Transcript
Dylan Etkin (0:00)
Modern engineering teams often face challenges with unpredictable delivery and limited visibility into their performance. This can make it difficult to track progress, identify bottlenecks, and understand how efficiently time and resources are being used. The lack of clear insights commonly prevents teams from aligning their work with broader business goals. SLUTH is designed to be an operating system for engineering and helps teams achieve more predictable delivery and align with business needs. Dylan Etkin is the Founder and CEO of sluth. Dylan is an Atlassian alum who has spent the last 15 years building DevTools with Jira, BitBucket and Status Page. He joins the podcast to talk about the challenges faced by modern engineering teams and innovative strategies to overcome them. Gregor Vand is a security focused technologist and is the Founder and CTO of MailPass. Previously, Gregor was a CTO across cybersecurity, cyber insurance, and general software engineering companies. He has been based in Asia Pacific for almost a decade and can be found via his profile at Vand HK.
Gregor Vand (1:18)
Hi Dylan, welcome to Software Engineering Daily.
Dylan Etkin (1:21)
Hi. Thank you so much. I'm happy to be here.
Gregor Vand (1:23)
Yeah, Dylan, great to have you here. You're the CEO of sluth and we're going to be hearing all about the Sluth platform today.

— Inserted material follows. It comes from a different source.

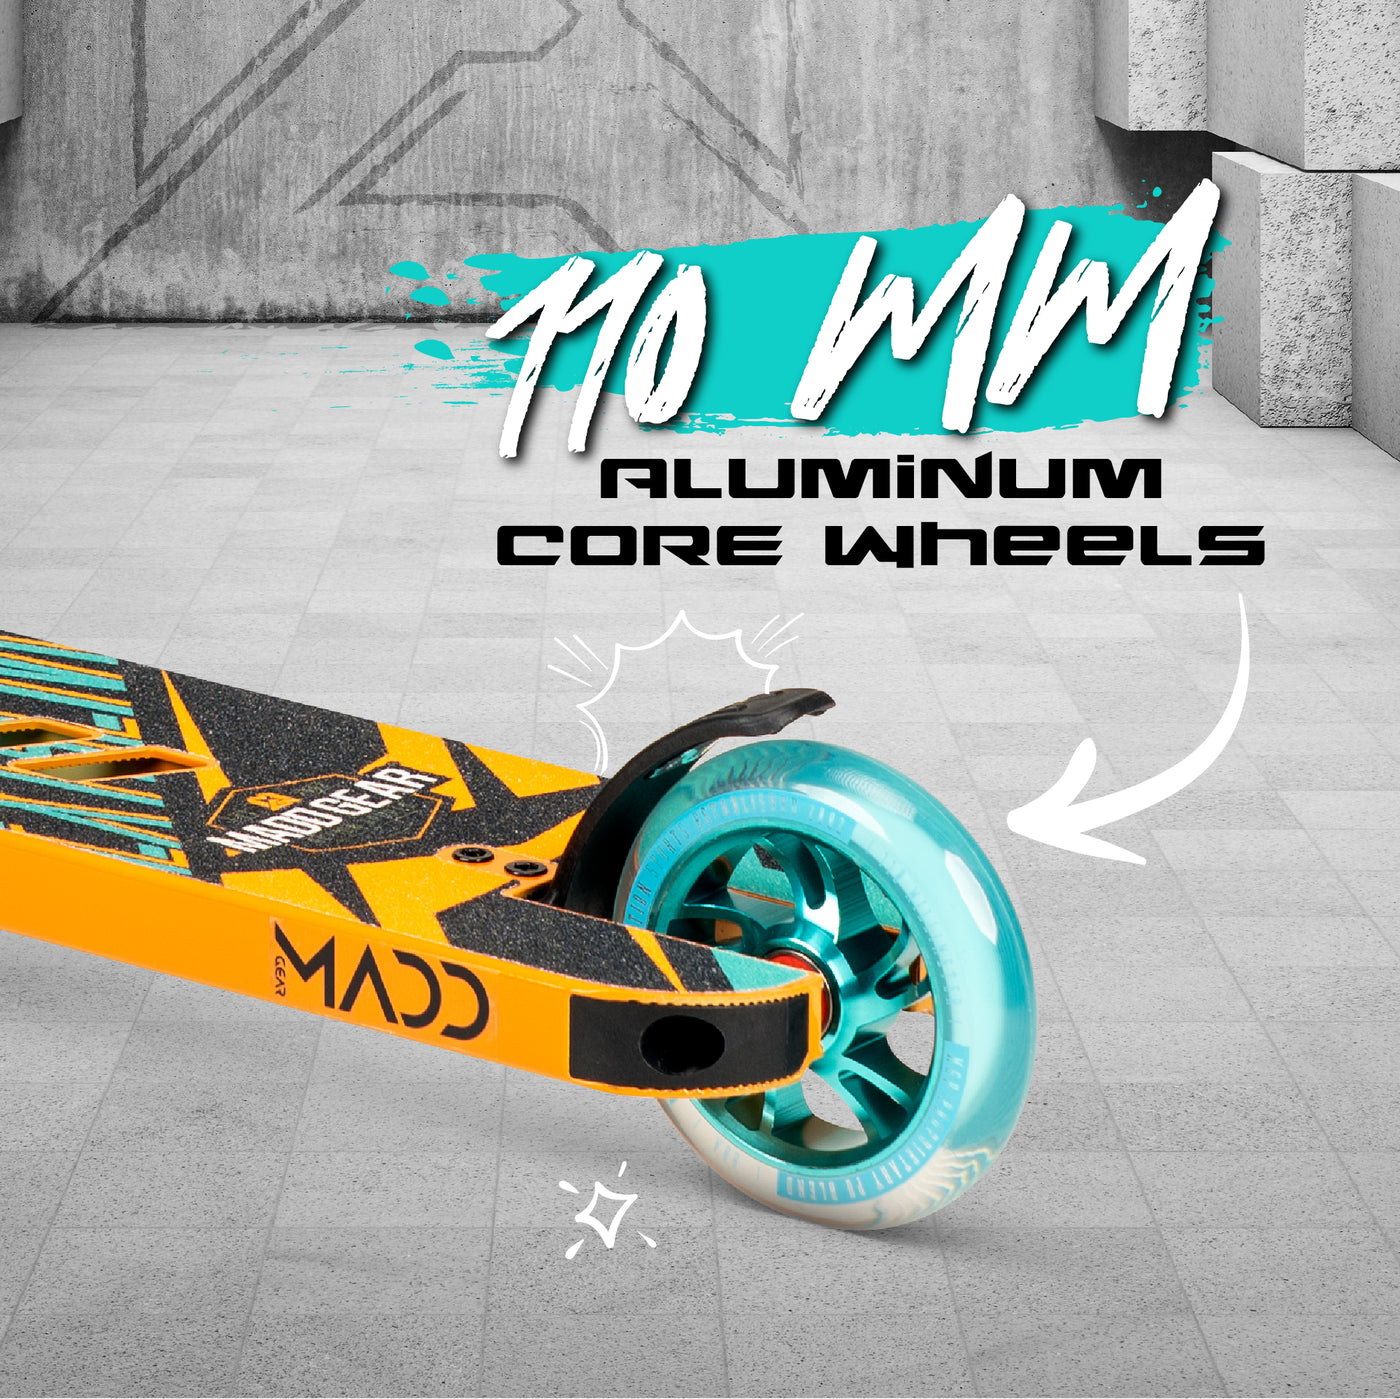 Madd Gear MGP Kick Extreme Stunt Scooter Complete High Quality Razor Pro Trick Skate Park Mad Teal Orange Wheels

I think as we often do at Software Engineering Daily, just hearing a bit of your background will be a super interesting way to kick off. I know you've got a pretty interesting history. I think most of the products that you've worked on, I think 99.9% of our listener base will recognize them. So yeah, could you maybe just like talk through kind of what was your programming history and product history?
Dylan Etkin (1:53)
Yeah, absolutely. And I'll preface it all by saying don't hate me because some of these products have become a little bit love to hate. But yeah, so I've been in the industry for ages at this point. I was very fortunate to end up. Well, I started in the dot com era and I worked at an E commerce place that nobody remembers, but it was a great experience because I got to get involved in a cool community at the time as a young developer and through a set of circumstances I ended up in Australia. There were only so many things that I knew that were going on in Australia and one of them was the makers of Jira Atlassian and I was fortunate enough to join that company when it was really small. You know, there was basically 20 people. You know, I think when I called up to get the job, Mike Kennen Brooks, one of the CO CEOs answered the phone, you know, and I was like, oh, it Says, you're hiring developers? Are you hiring senior developers? And he was like, yeah, man, come on in. Sure. But, yeah, I was able to spend a number of years at Atlassian, and I was one of the early developers on jira. Worked on that for about five years, became the first architect for JIRA for about a year. Transitioned back to the US with my family. Atlassian had grown a ton, so I kind of stayed with them. And they had made an acquisition, which was a pretty exciting opportunity for me in BitBucket. And so that was like SaaS at Atlassian, which was something very different than what they had been doing with behind the Firewall, JIRA and Confluence. And we sort of bought that product at 40,000 users. Four and a half years later, I think we were at 2.5 million users. So that was a really fun ride and just a good time to be involved in DVCS in general because it was, again, a hot thing at the time. I decided 10 plus years is a long time to be at one place. So I left and found this little startup that did something that I thought was super cool called Status Page. You know, it was like a team of 10 and we were just growing gangbusters. And then, as if it was from an episode of Silicon Valley, lo and behold, a year into the journey, the CEO there comes over to my house and we're sitting on my deck, and he says, like, so we're being acquired. And I'm like, oh, okay. I didn't know we were doing that, you know? And he's like, buy Atlassian. And my response was, of course.